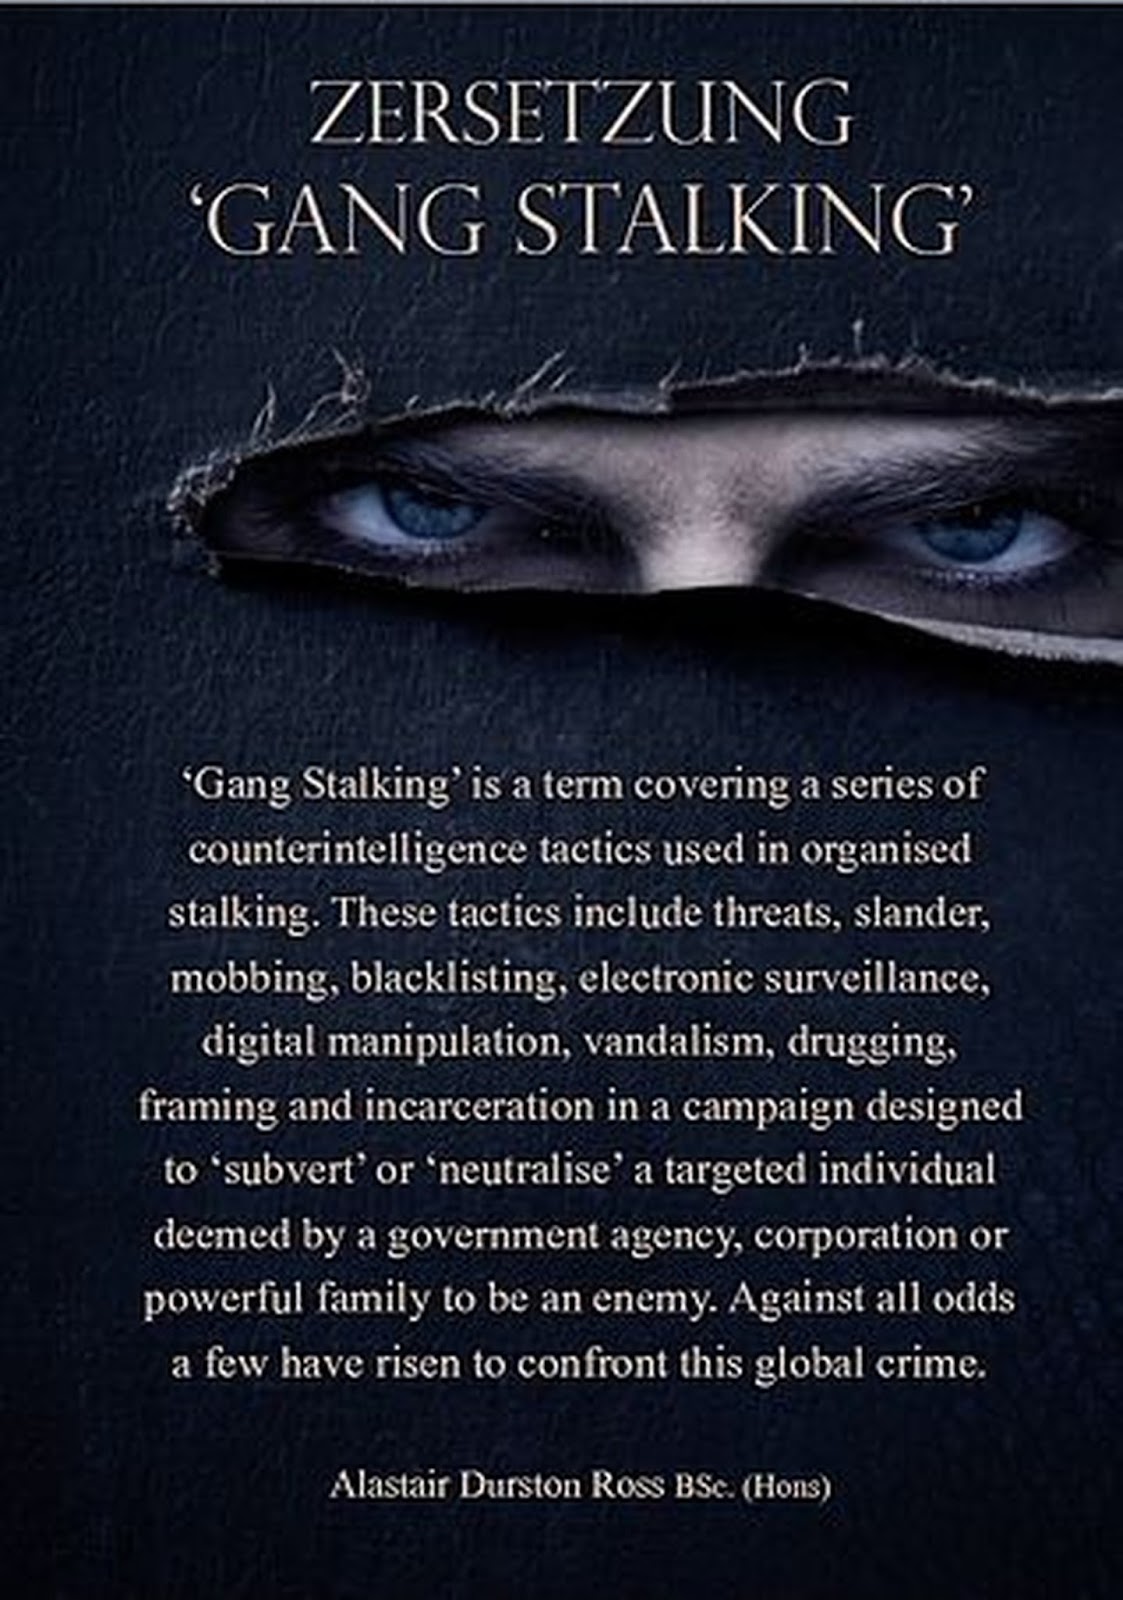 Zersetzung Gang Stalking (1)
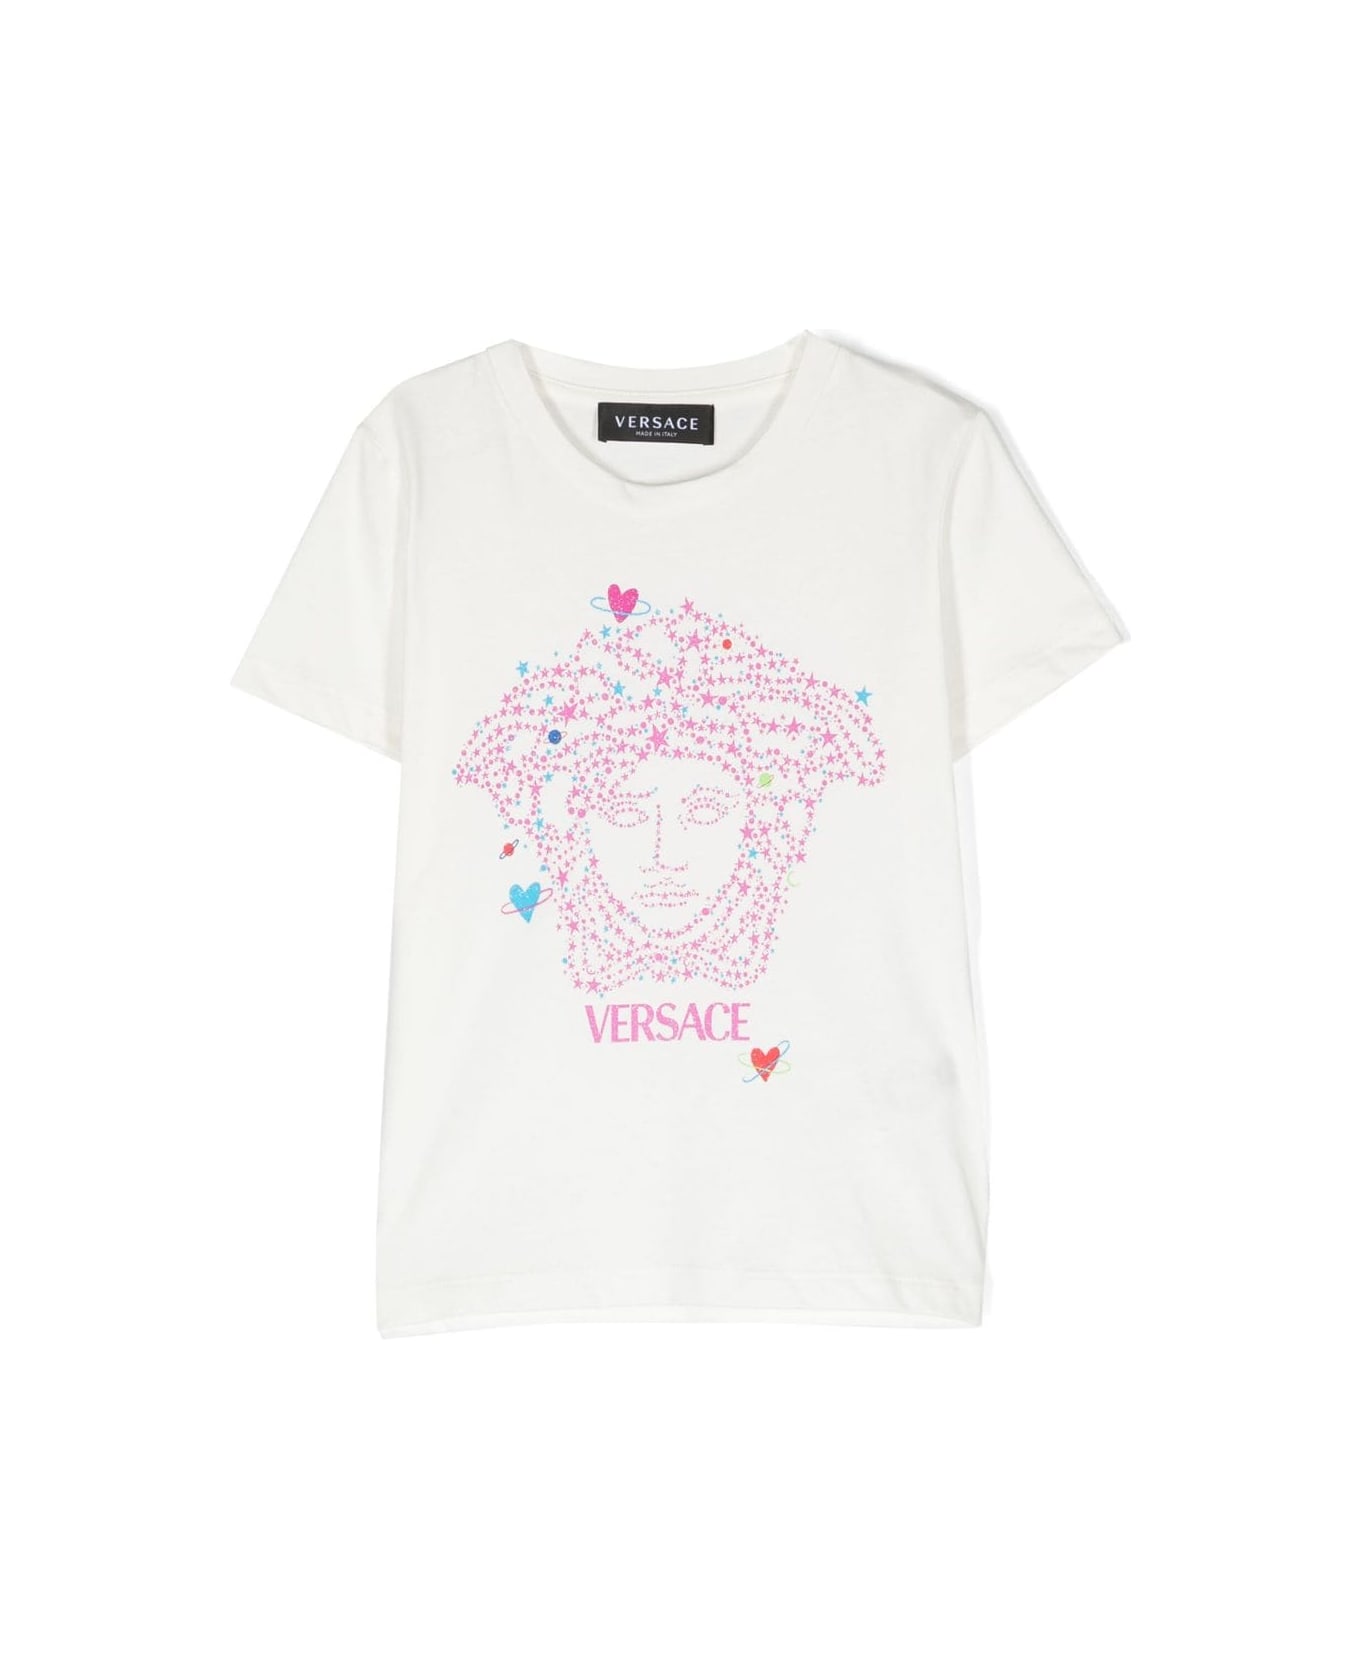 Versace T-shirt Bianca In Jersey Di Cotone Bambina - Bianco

* * *

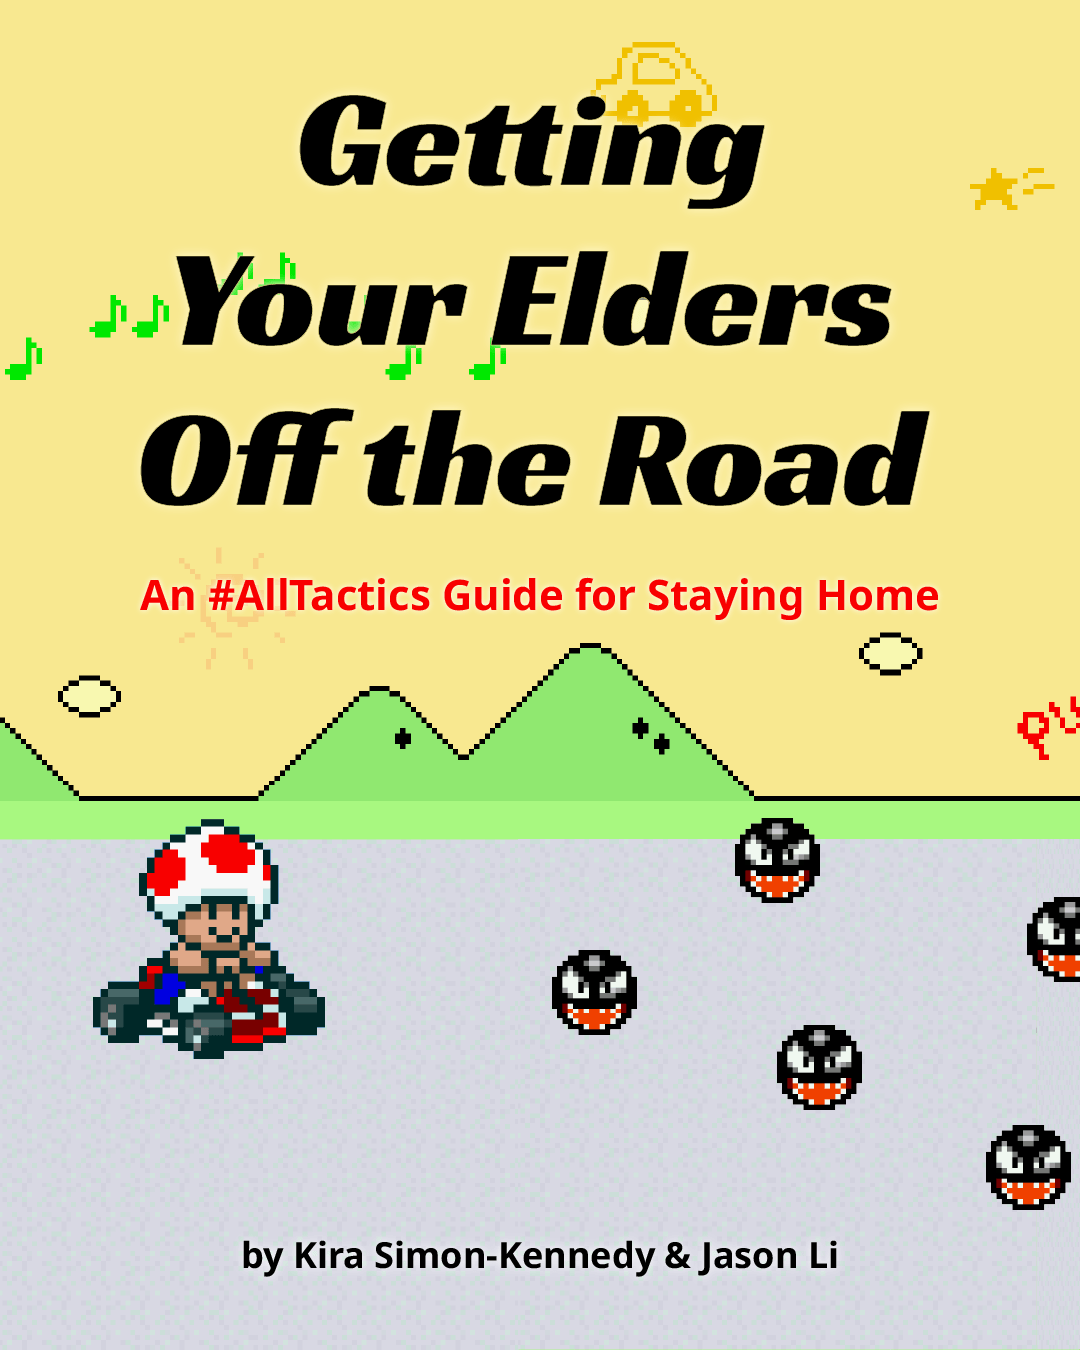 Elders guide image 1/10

---

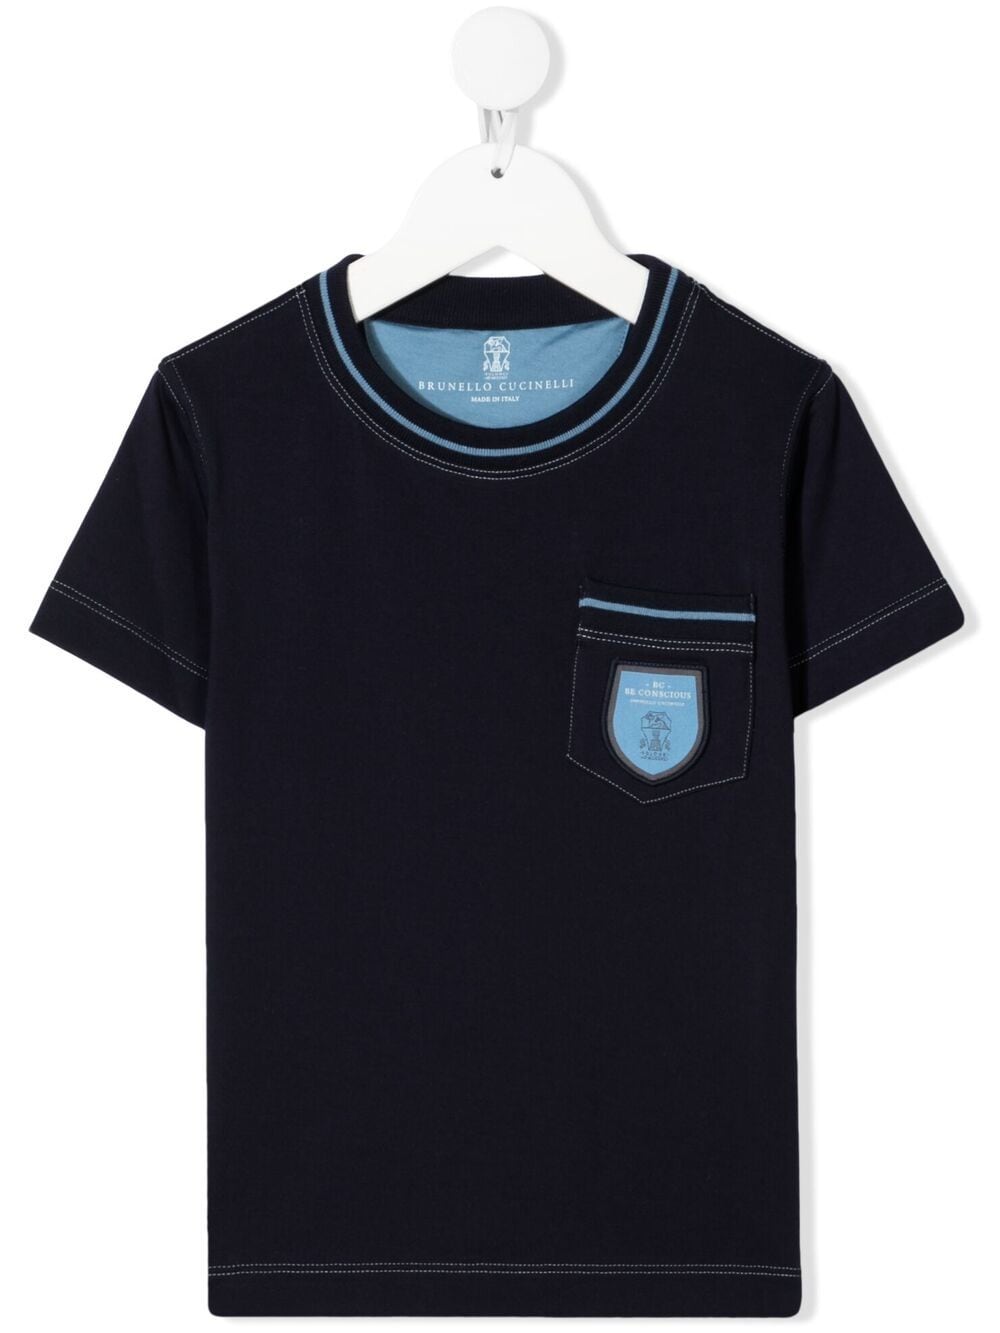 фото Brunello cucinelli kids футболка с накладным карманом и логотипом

# YOUR GOAL:
Each line above starting at the one holding "Zersetzung Gang Stalking (1)" and ending at the one holding "Versace T-shirt Bianca" should be set down exactly as it stands, both ends included, with no pictures.

# RESPONSE TO THE EXERCISE:
 Zersetzung Gang Stalking (1)
 Versace T-shirt Bianca In Jersey Di Cotone Bambina - Bianco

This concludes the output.